Data listing

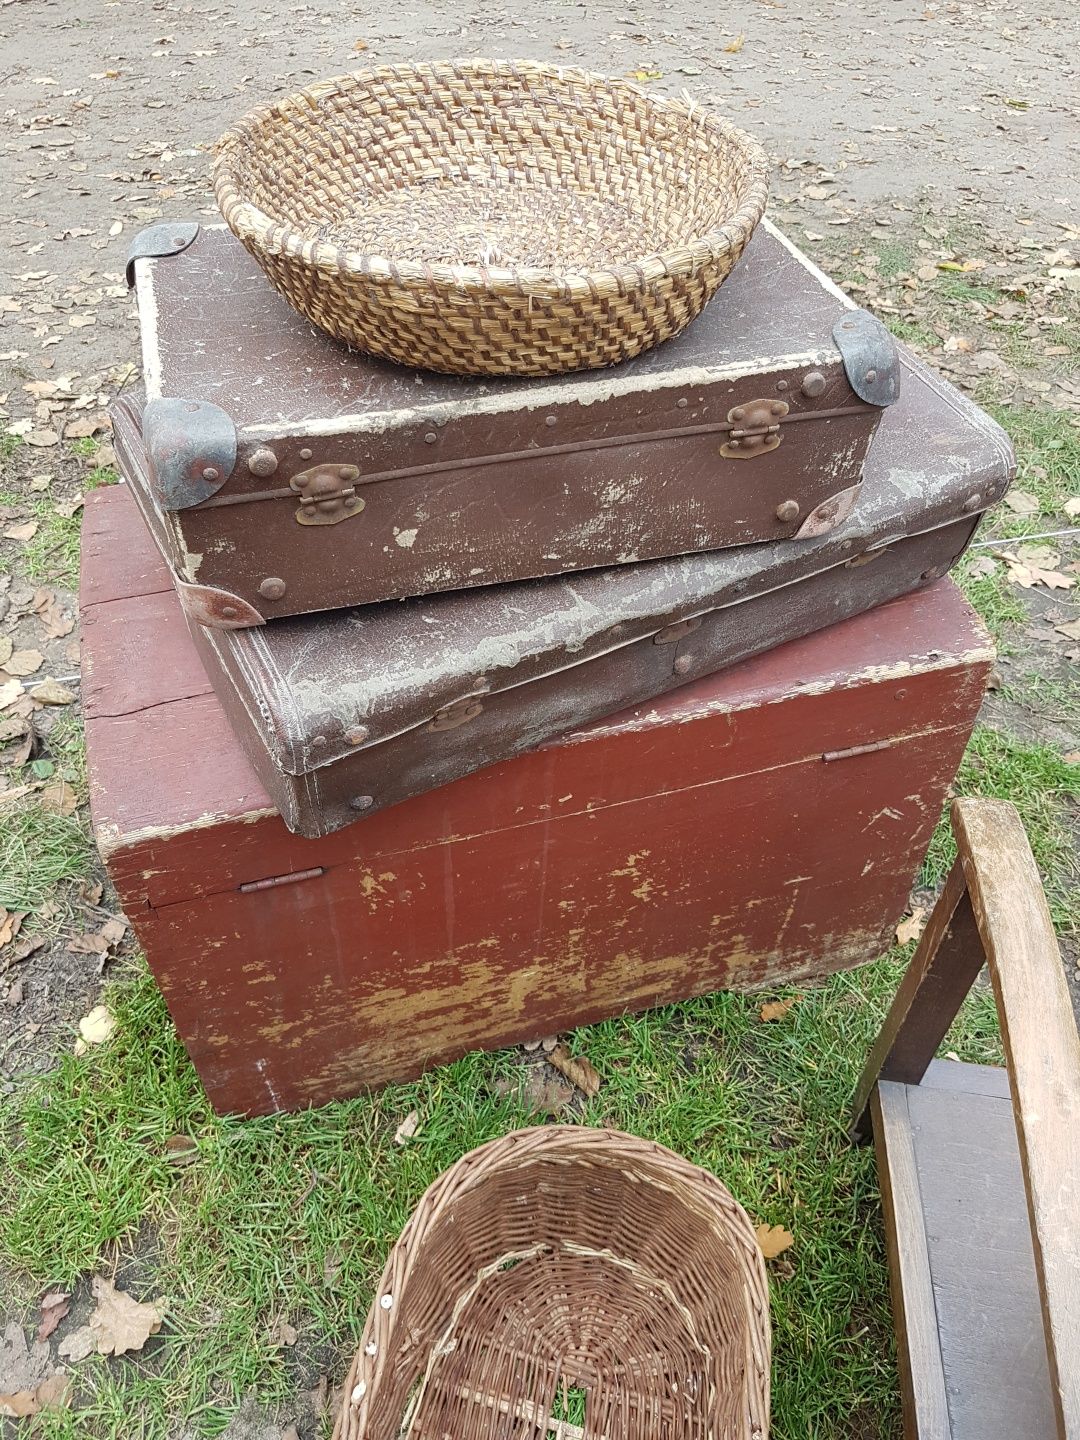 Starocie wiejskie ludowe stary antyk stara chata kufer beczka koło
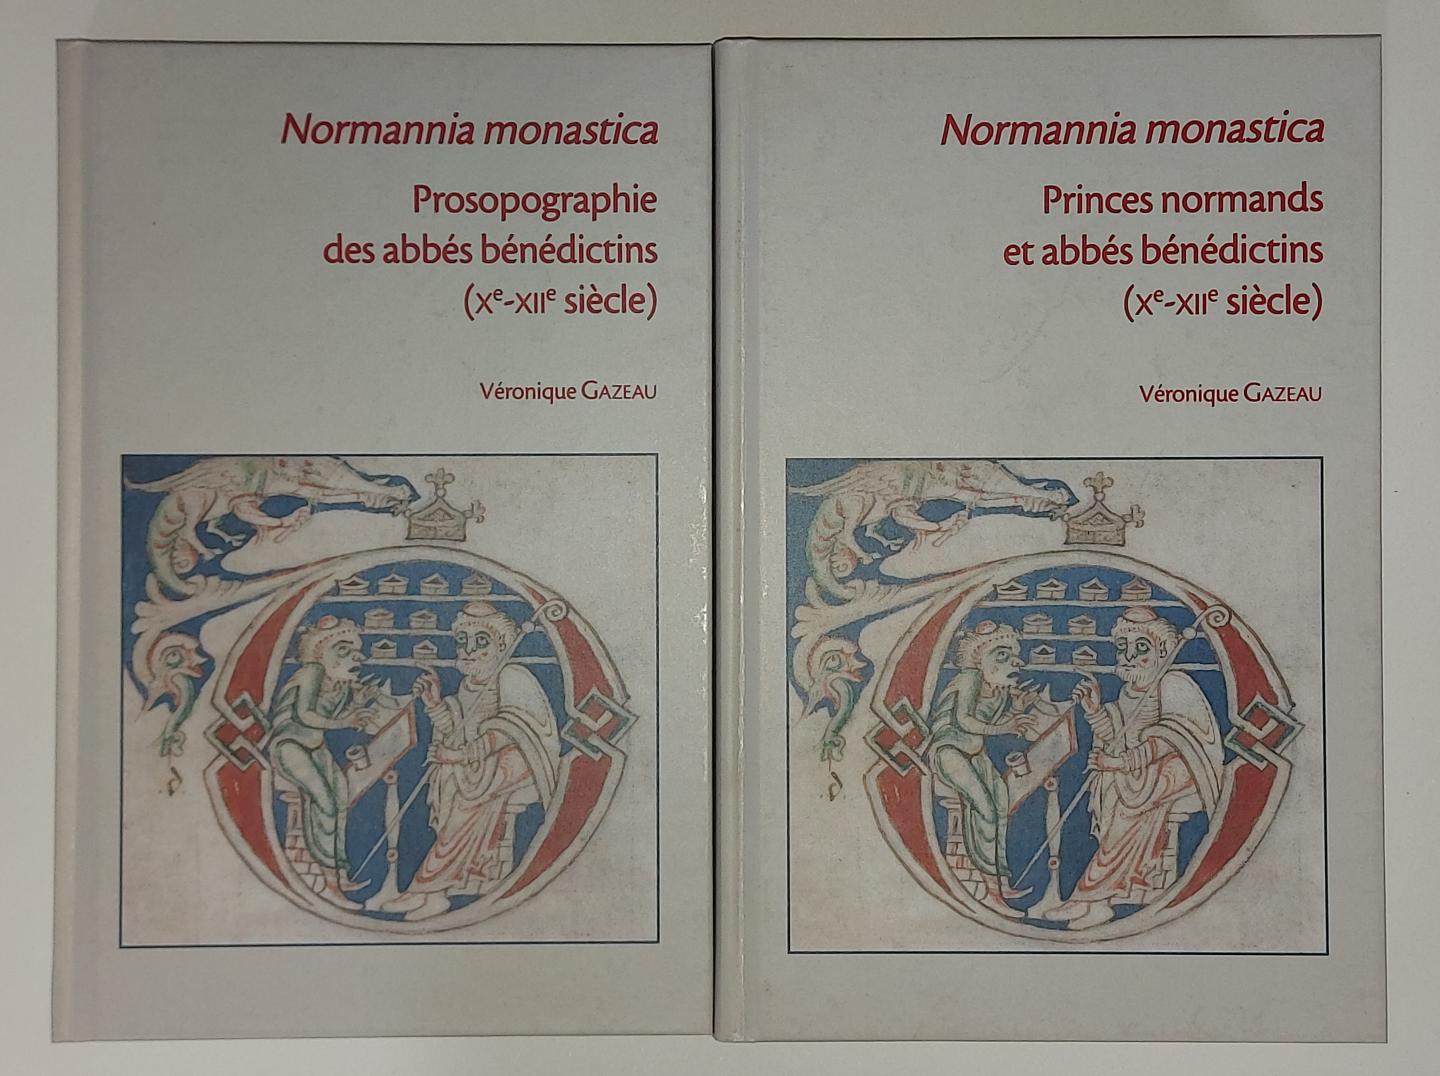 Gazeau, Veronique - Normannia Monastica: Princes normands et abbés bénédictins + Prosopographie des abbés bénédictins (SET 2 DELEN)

==

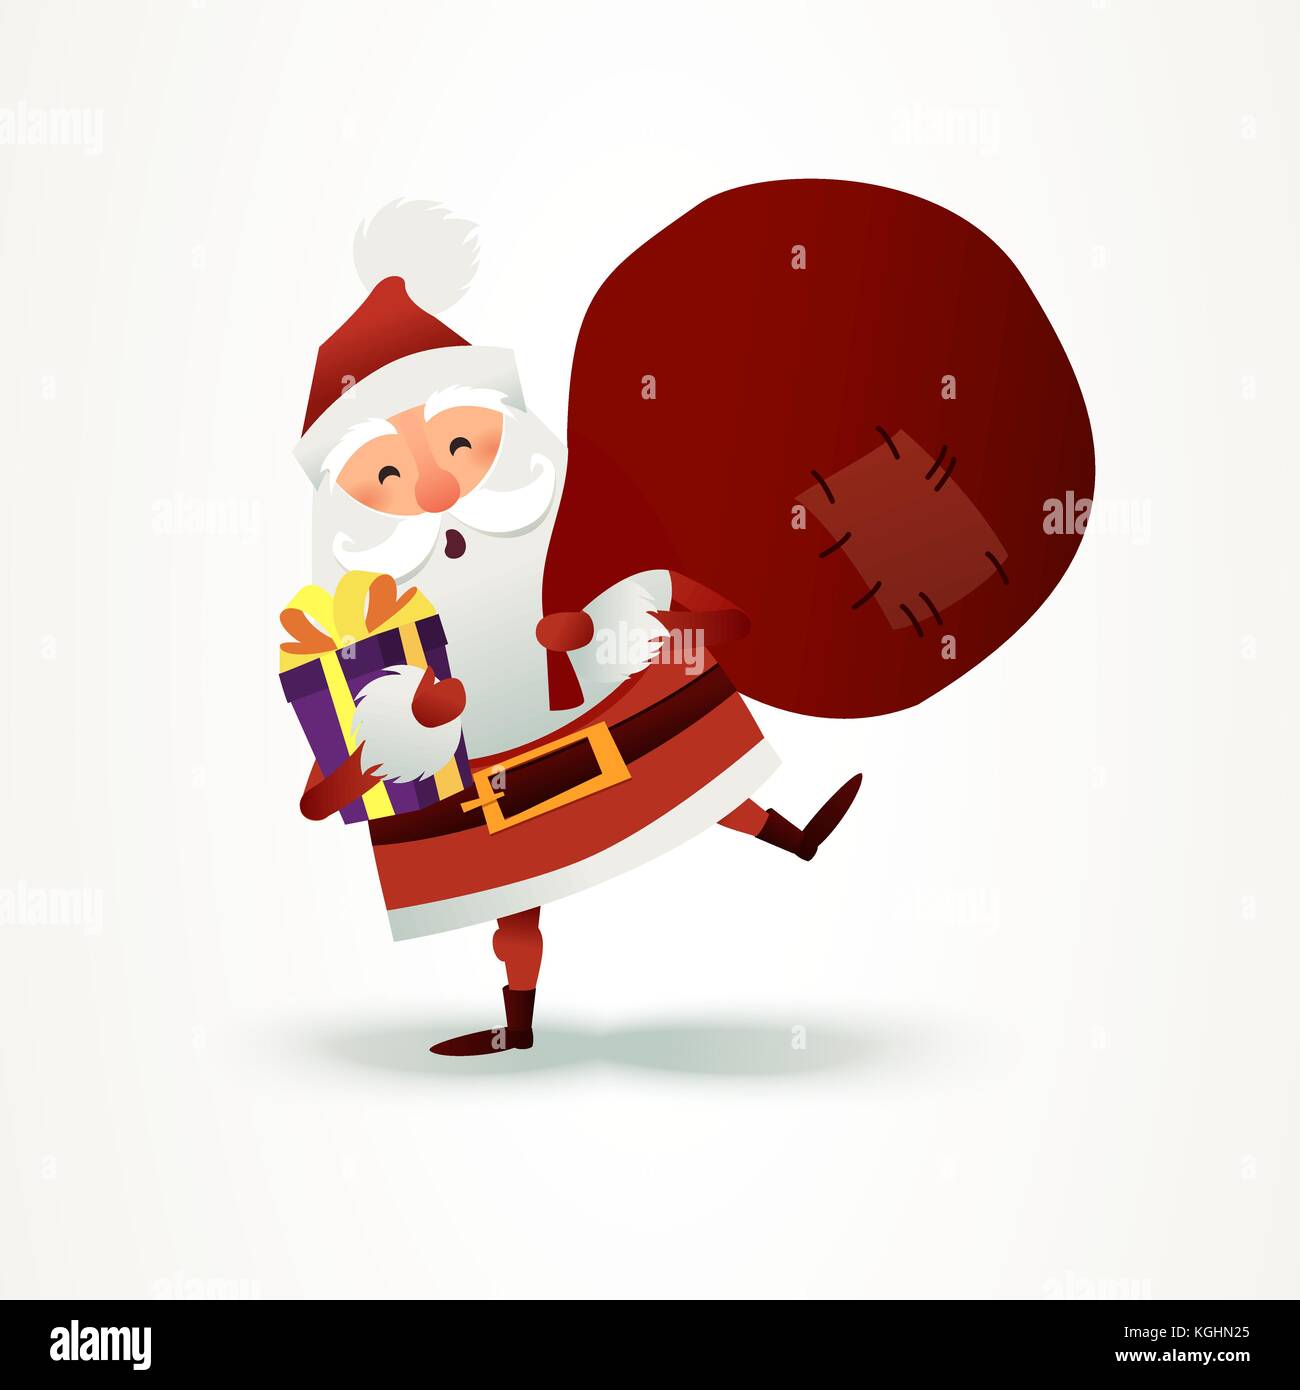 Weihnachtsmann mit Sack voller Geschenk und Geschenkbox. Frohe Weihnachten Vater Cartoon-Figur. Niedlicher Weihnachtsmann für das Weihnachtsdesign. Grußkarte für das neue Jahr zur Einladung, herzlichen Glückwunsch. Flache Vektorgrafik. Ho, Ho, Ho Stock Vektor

Problem to work on
Only one part of the listing is wanted: the lines from the one containing "Starocie wiejskie ludowe" through the one containing "Gazeau, Veronique - Normannia", both included. Please transcribe it exactly, leaving out the pictures.

Answer space
 Starocie wiejskie ludowe stary antyk stara chata kufer beczka koło
 Gazeau, Veronique - Normannia Monastica: Princes normands et abbés bénédictins + Prosopographie des abbés bénédictins (SET 2 DELEN)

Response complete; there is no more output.